Regis Corp., a Minneapolis-based owner of beauty salons worldwide, has a similar program that allows employees to earn money that goes into a health bank account for doing things like taking a health risk questionnaire, getting a biometric screening, getting their blood pressure taken, taking an exercise class, or participating in any one of 40 different wellness programs.

These health incentive efforts are making a big difference.

"Companies that have utilized these procedures have been able to reverse the trend and bend the cost curve down rather than up," Pantos said.

Intrepid Potash has seen impressive results from its efforts, which include offering employees discounts on health insurance if they take a health assessment and participate in other activities.

At a time when healthcare costs were up 40 percent over the last three years nationally, Intrepid Potash's costs increased 20 percent, said Jamie Whyte, executive vice president in charge of human resources.

The company's hospital admissions, meanwhile, have decreased 21 percent over the past two plan years and the average length of stay also has decreased.
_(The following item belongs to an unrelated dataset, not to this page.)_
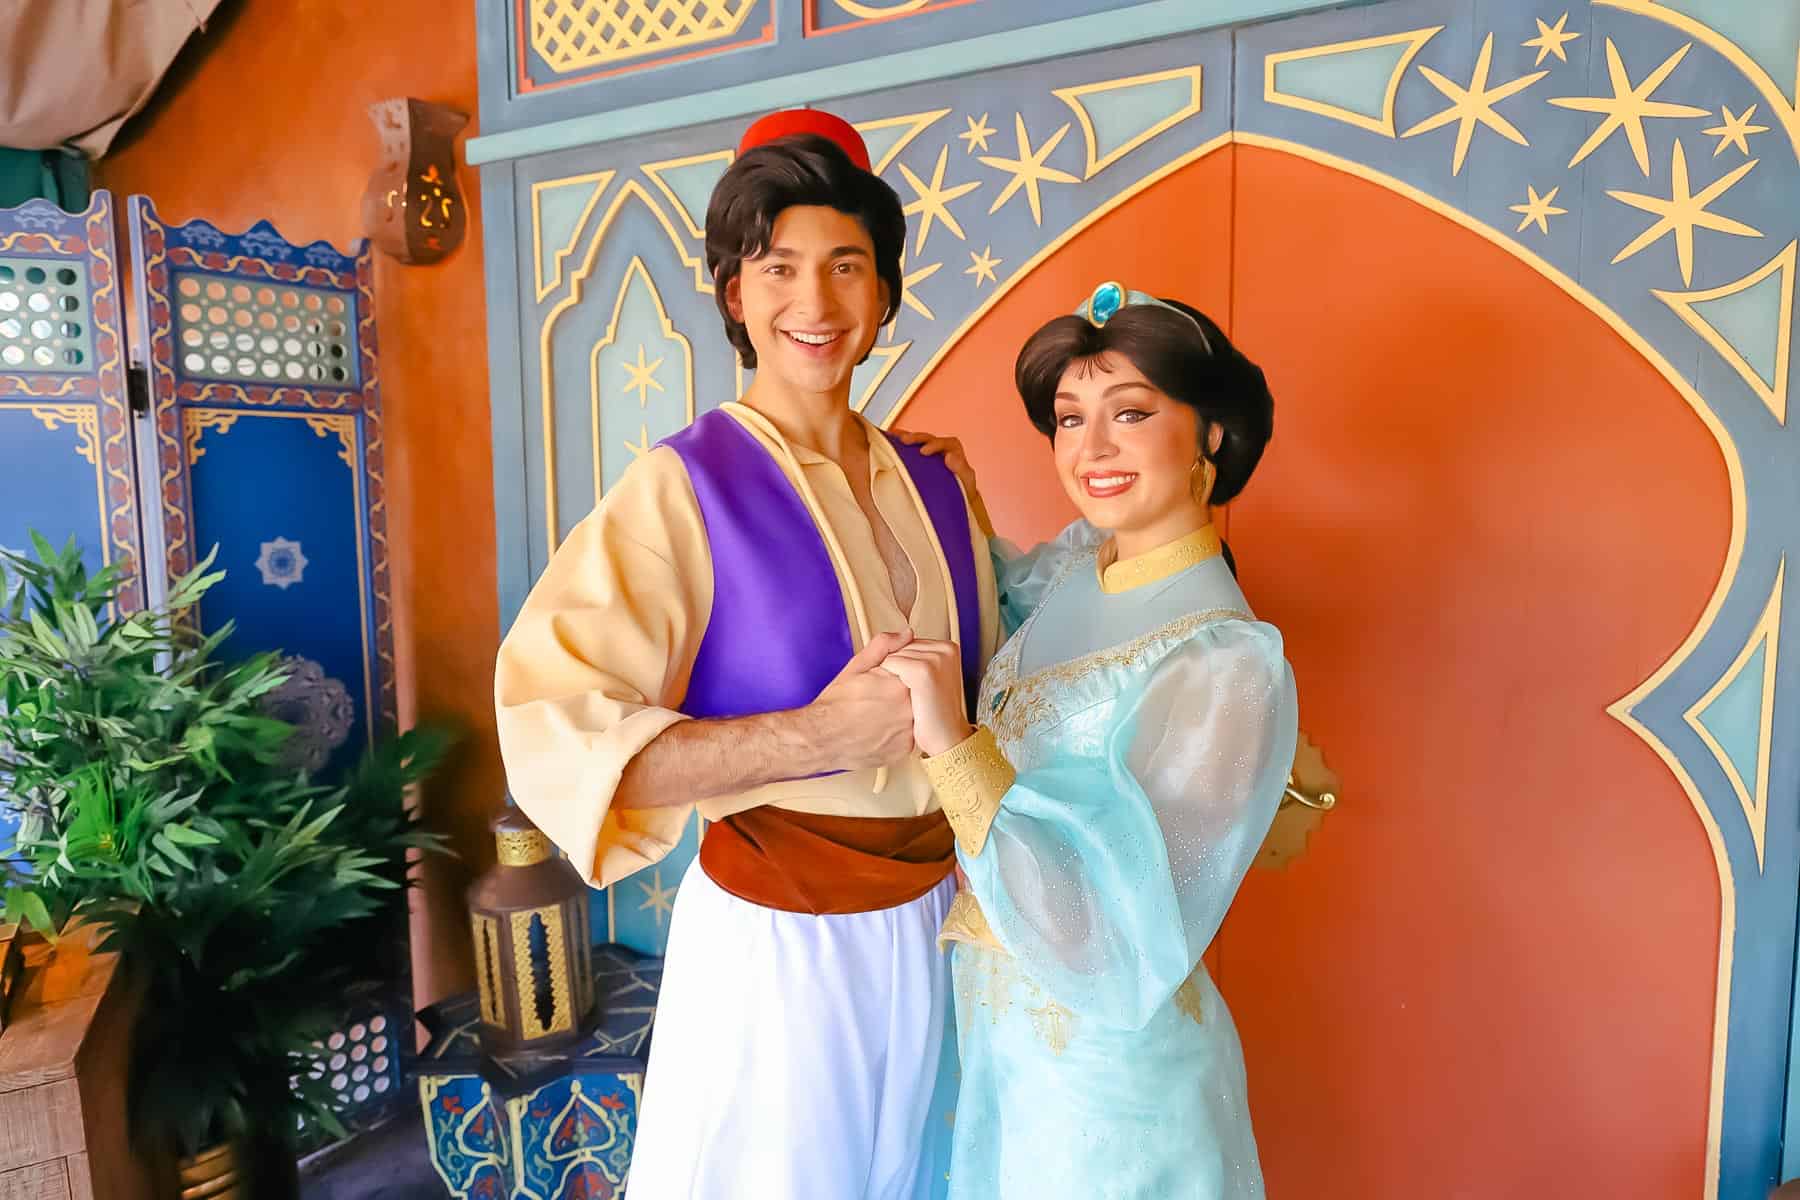 Aladdin and Jasmine's Magic Kingdom character meet

Emergency room visits were down 19 percent over the last two plan years as well.

American Century Investments, a Kansas City, Mo.-based asset management firm, has had similar results, with healthcare costs up only 3.8 percent on an annualized basis over the last 36 months, said Brent Simmons, the account executive for American Century at Lockton.

At Regis, claims costs have declined almost 35 percent since it began offering health clinics onsite for its employees, said Allison Brown, director of health and welfare benefits.

While some employees may be happy to have an employer that encourages them to eat better and get some exercise on company time, as well as provides them with improved access to medical care, others may see this as just one more step in the evolution of the "nanny state."

Like some people have railed against what they see as an overly intrusive government seeking to control what they eat and how they live their lives, treating them as children in need of a nanny, some people also may dislike the new "nanny employer."

This approach of companies getting more involved in promoting the health of their employees is what employers say allows them to keep offering health benefits and maintain a productive workforce that shows up for work and is less prone to injury.

"What needs to be done is all of us need to make different decisions about diet, exercise and healthy habits," said Barton of Willis North America. "Everybody knows the solution, the tough part is how do you get people to change their behavior.

"We're our own worst enemies," he said.